**ACTIVITY:** Restate word for word each line from the one containing "River Vah in" through the end of the material, and nothing more. Drop every picture.

**DATASET SECTION:**
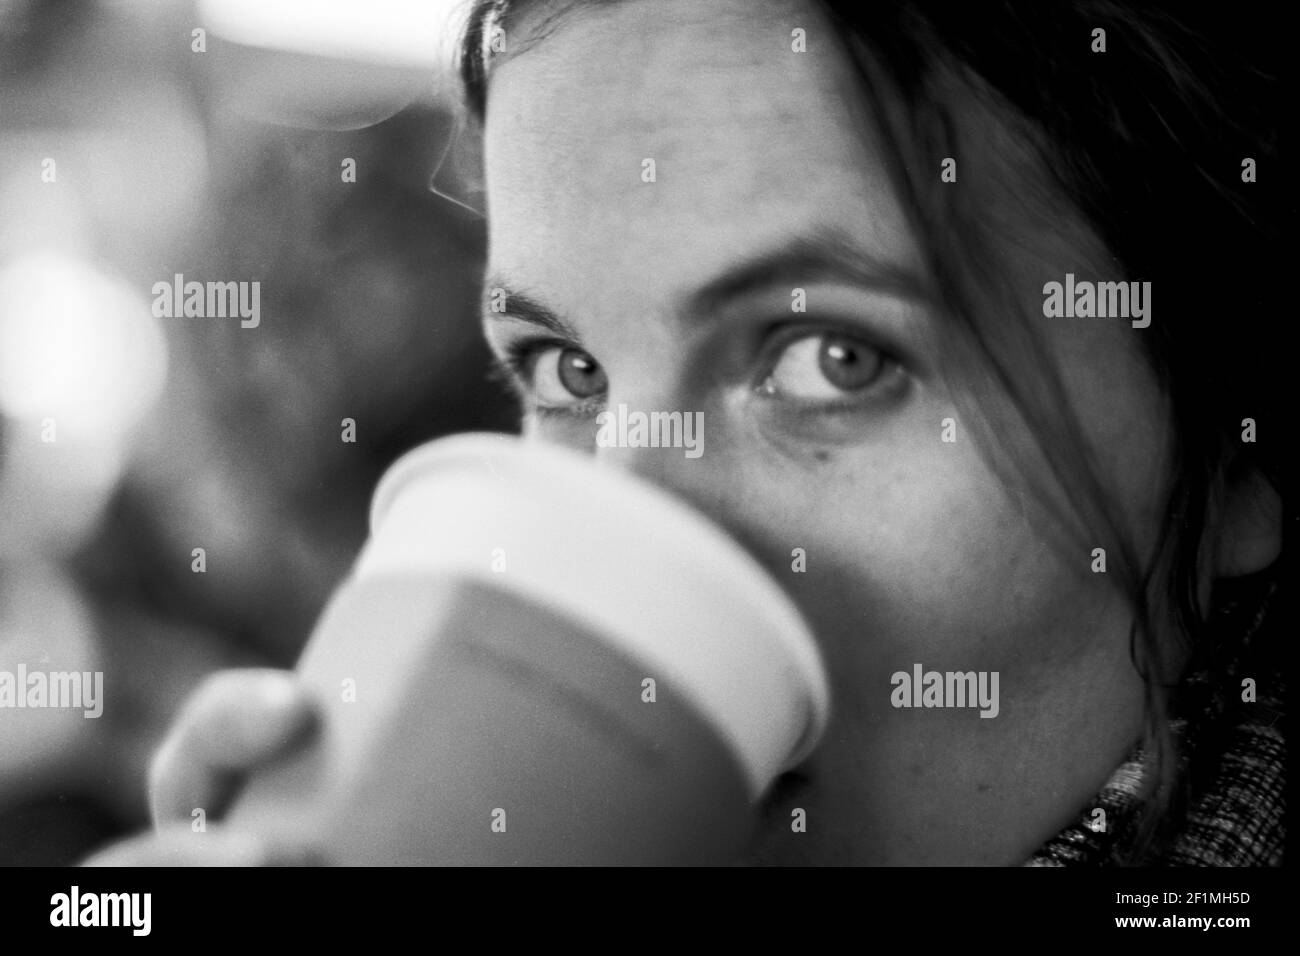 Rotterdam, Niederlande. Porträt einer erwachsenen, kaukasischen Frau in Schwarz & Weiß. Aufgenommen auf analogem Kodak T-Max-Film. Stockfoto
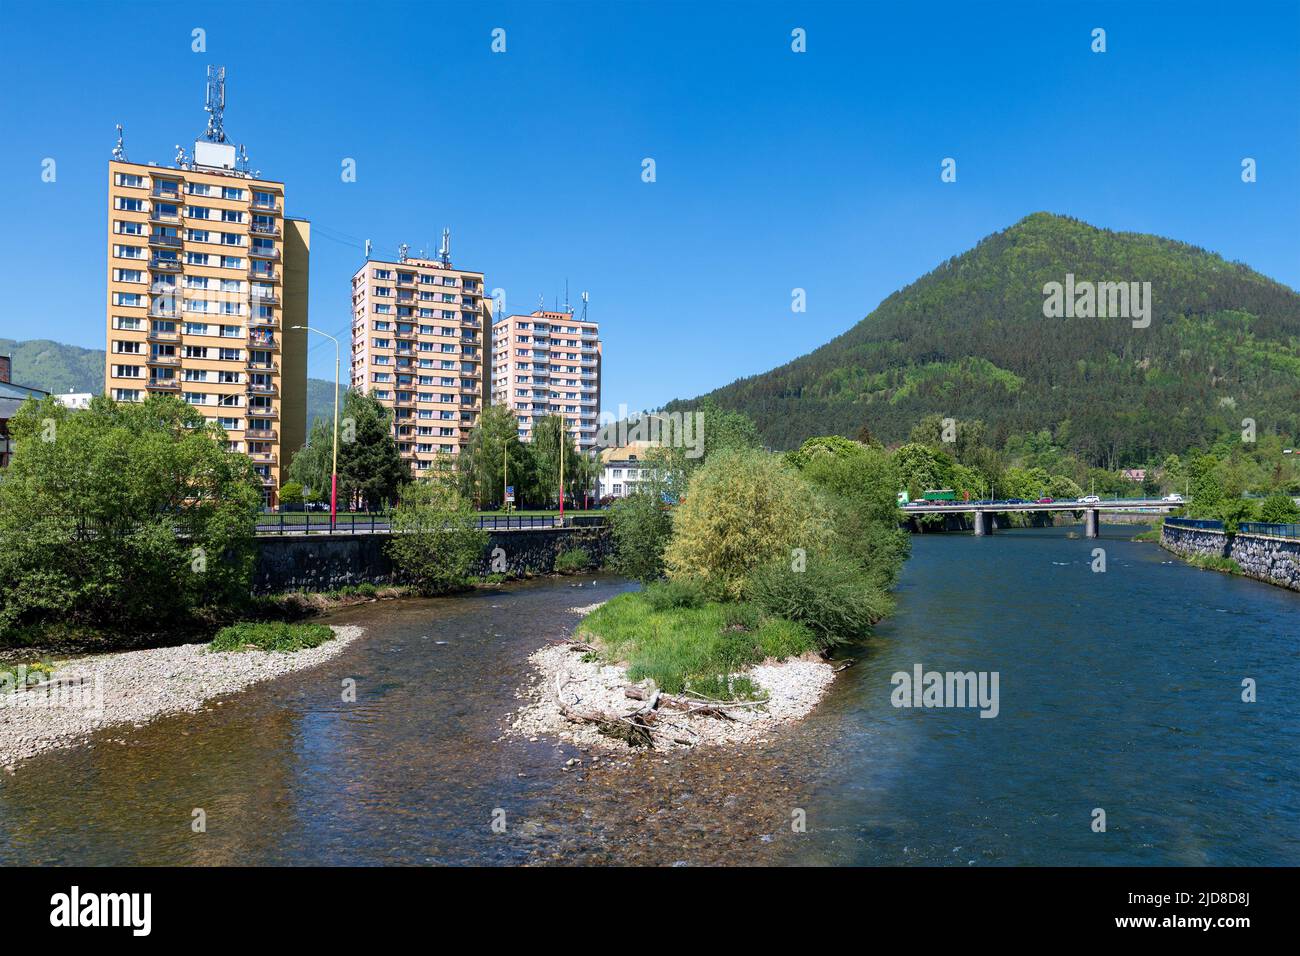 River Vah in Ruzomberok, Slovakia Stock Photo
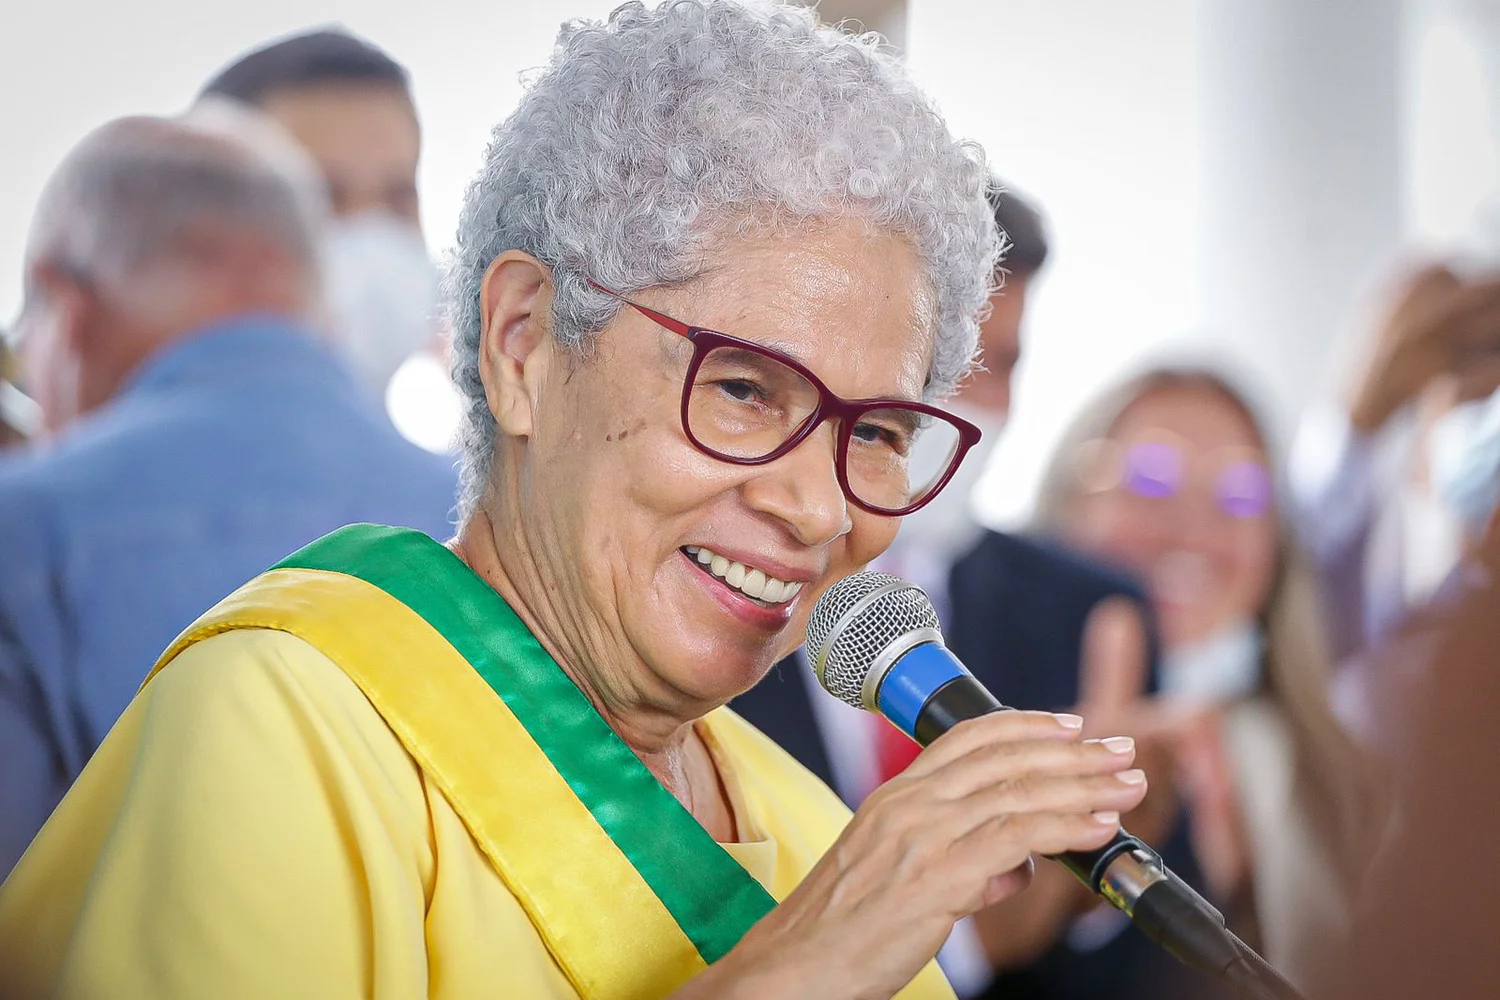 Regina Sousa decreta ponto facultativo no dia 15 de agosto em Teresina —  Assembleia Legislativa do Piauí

**SOLUTION TO THE EXERCISE:**
 River Vah in Ruzomberok, Slovakia Stock Photo
 Regina Sousa decreta ponto facultativo no dia 15 de agosto em Teresina —  Assembleia Legislativa do Piauí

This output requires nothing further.